Today I want to talk about YOU.
Not anyone else on this newsletter, but you!
I'm going to try to read you. I will try to identify the 3 core or underlying beliefs you hold about yourself and the world.
These beliefs color much, if not all, of your experiences in life.
The 3 beliefs include:
1. I absolutely MUST, under practically all conditions and at all times, perform well (or outstandingly well) and win the approval (or complete love) of significant others. If I fail in these important—and sacred—respects, that is awful and I am a bad, incompetent, unworthy person, who will probably always fail and deserves to suffer.
2. Other people with whom I relate or associate, absolutely MUST, under practically all conditions and at all times, treat me nicely, considerately and fairly.
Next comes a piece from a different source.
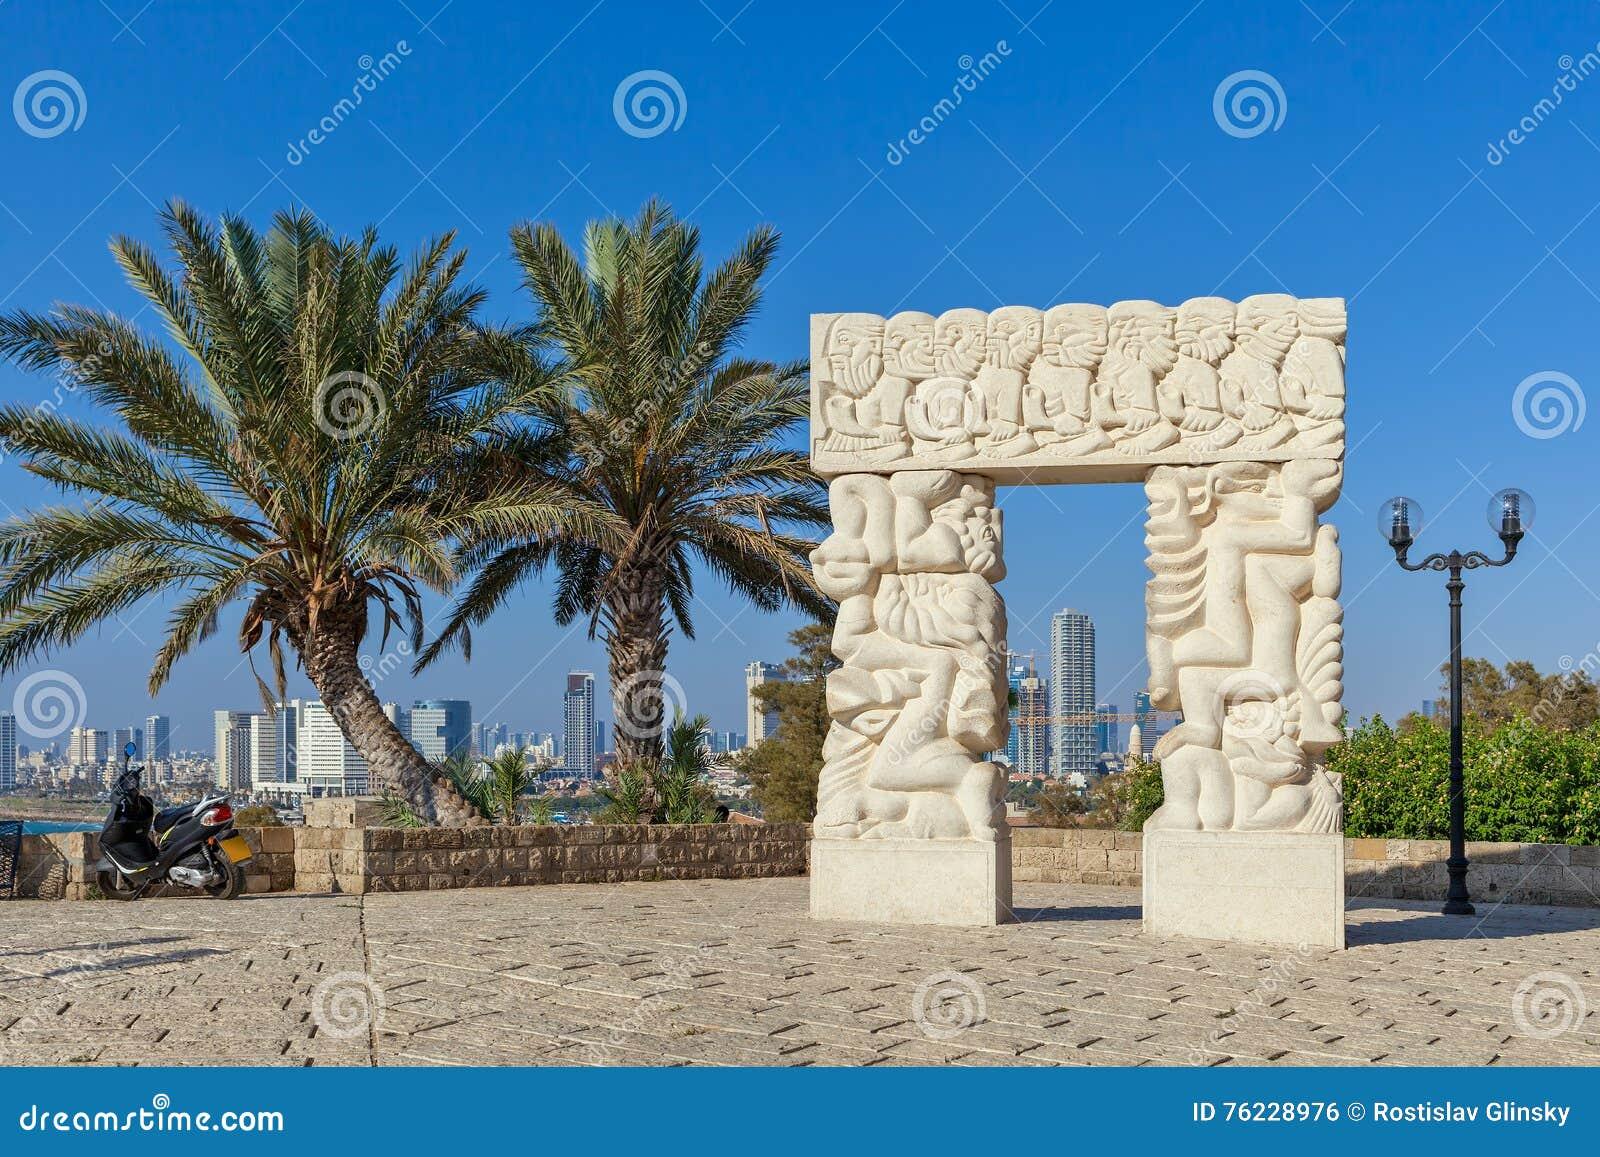 Statue of Faith in Old Jaffa.

Otherwise, it is terrible and they are rotten, bad, unworthy people who will always treat me badly and do not deserve a good life and should be severely punished for acting so abominably to me
3. The conditions under which I live absolutely MUST, at practically all times, be favorable, safe, hassle-free, and quickly and easily enjoyable, and if they are not that way it's awful and horrible and I can't bear it. I can't ever enjoy myself at all. My life is impossible and hardly worth living.
Do any of these statements resonate with you?
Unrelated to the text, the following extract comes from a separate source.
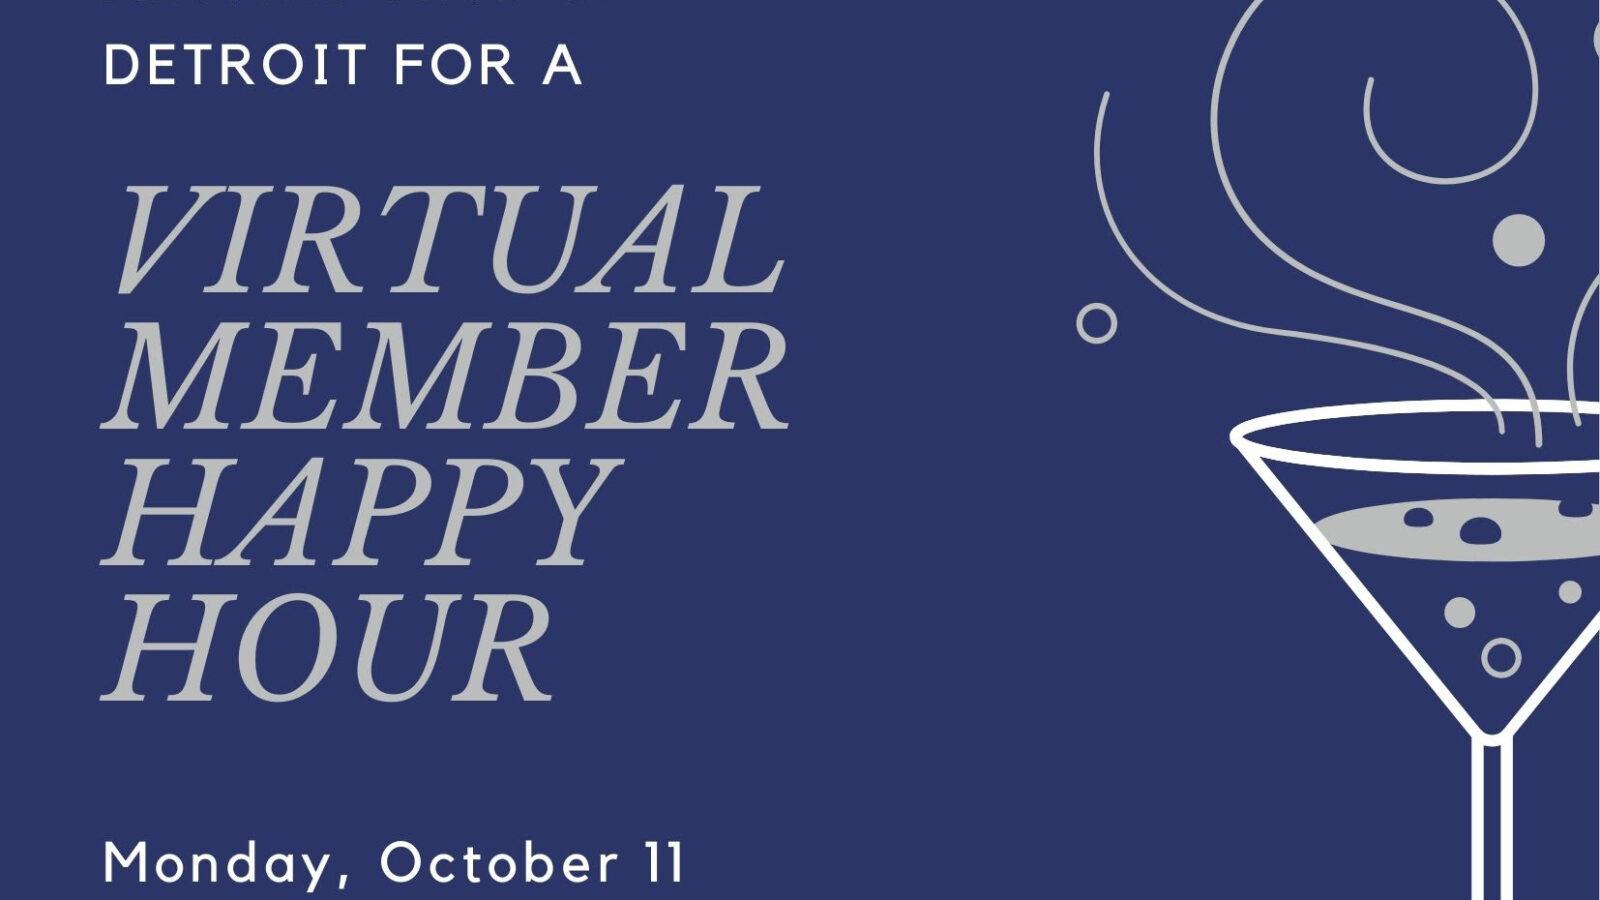 Virtual Member Happy Hour Invitation

How did I know they would?
Because they are not an individual's experience, but part of the human condition.
In fact, I didn't even come up with these statements. Albert Ellis, a psychologist, psychotherapist, and one of the founding fathers of cognitive behavioral therapy, did.
He found the root or underlying cause of most people's turmoil stemmed from one of these 3 beliefs. All of our anger, animosity, regret, self-worth stem from this belief.
I don't know about you, but this really hit home for me.
I felt like they were talking about me. How did they know this is what I'm going through?
These core beliefs have been driving so much of people's lives.
In fact, most of the things we do day-to-day and the reasons we do them is to avoid the other side of these 3 occurring.
So what can we do about this?
First, its nice to hear the issues or struggles we think are unique to us are not all that unique. Just knowing that alleviates much of the issue or struggle.
More importantly, what I've done is print out and put these statements on my wall and when things don't go well or are not going well, I read them to remind myself that if things, interactions, and above all, my performance doesn't go well, it's o.k. They don't have to be perfect, and I can still make progress.